North Carolina Republicans Want to Establish An Official State Religion

Impact

Lawmakers in North Carolina apparently think the United States Constitution is a sometimes document. North Carolina state GOP legislators recently filed a bill that would allow the state to declare an official religion. House Bill 494 has 11 co-sponsors, including Majority Leader Edgar Starnes.

The bill is in response to a federal lawsuit by the American Civil Liberties Union against the Rowan County Board of Commissioners, who opened 97% of its meetings with explicitly Christian prayers since 2007, according to the lawsuit.

The First Amendment of the Bill of Rights states outright that "Congress shall make no law respecting an establishment of religion." The Establishment Clause, as it became known, was incorporated to apply to the states in the Supreme Court Decision Everson v. Board of Education in 1947. Subsequent Supreme Court decisions have interpreted the Establishment Clause to restrict the promotion of a religion by state governments. With such a case history against them, what makes North Carolina lawmakers think they can get around this?

The answer is states' rights, or at least a particular interpretation of state’s rights. The bill’s actual text reads:

"Whereas, this prohibition does not apply to states, municipalities, or schools ...

... Whereas, each state in the union is sovereign and may independently determine how that state may make laws respecting an establishment of religion."

Essentially the legislators who proposed the bill are attempting to apply an age-old argument that has been unsuccessful every time it has been tried against decisions ranging from the Emancipation Proclamation, school desegregation, and Obamacare: nullification. The Supreme Court, who has ruled in favor of the Supremacy Clause of the Constitution time and time again, has never accepted it. But that is not stopping some North Carolina lawmakers from charging in, nullification arguments blazing.

Moving on from this discredited piece of legal theory, House Bill 494 goes on to state:

"SECTION 1. The North Carolina General Assembly asserts that the Constitution of the United States of America does not prohibit states or their subsidiaries from making laws respecting an establishment of religion.

SECTION 2. The North Carolina General Assembly does not recognize federal court rulings which prohibit and otherwise regulate the State of North Carolina, its public schools, or any political subdivisions of the State from making laws respecting an establishment of religion."

While the bill does not go as far as to outright state that North Carolina has a state religion, it gives every municipality in the state the power to establish an official religion. This is not the church and state divide growing smaller. This is basically declaring a free-for-all when it comes to matter of church and state, placing no restrictions whatsoever on laws concerning religion, again in violation of the Establishment Clause.
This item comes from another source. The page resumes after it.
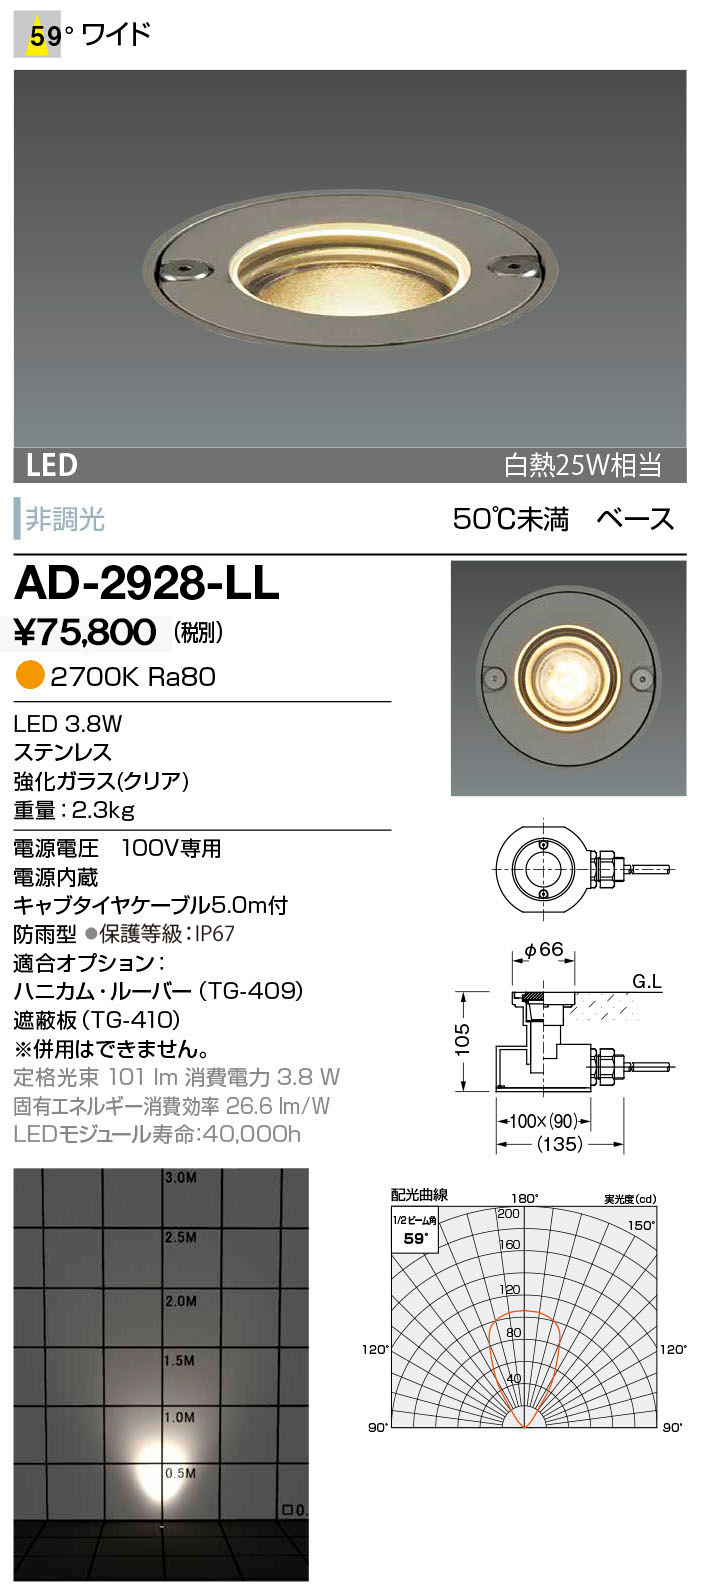 サウナ用 100℃までOK 富士メディシィエ LEDテープライト 防水 水没可 耐高温 本体拡散タイプ ケーブル5m付 サ - 2

North Carolina has had a rash of extremely conservative bills introduced since the state legislatures turned Republican in 2010. There have been bills to greatly restrict abortion rights, requiring people applying for social assistance to submit to criminal background checks, and eliminating early voting on Sunday because according to House Majority Leader Edgar Sterns, "some things you just shouldn’t do on Sundays." One wonders what piece of legislation is coming next from the Tar Heel state.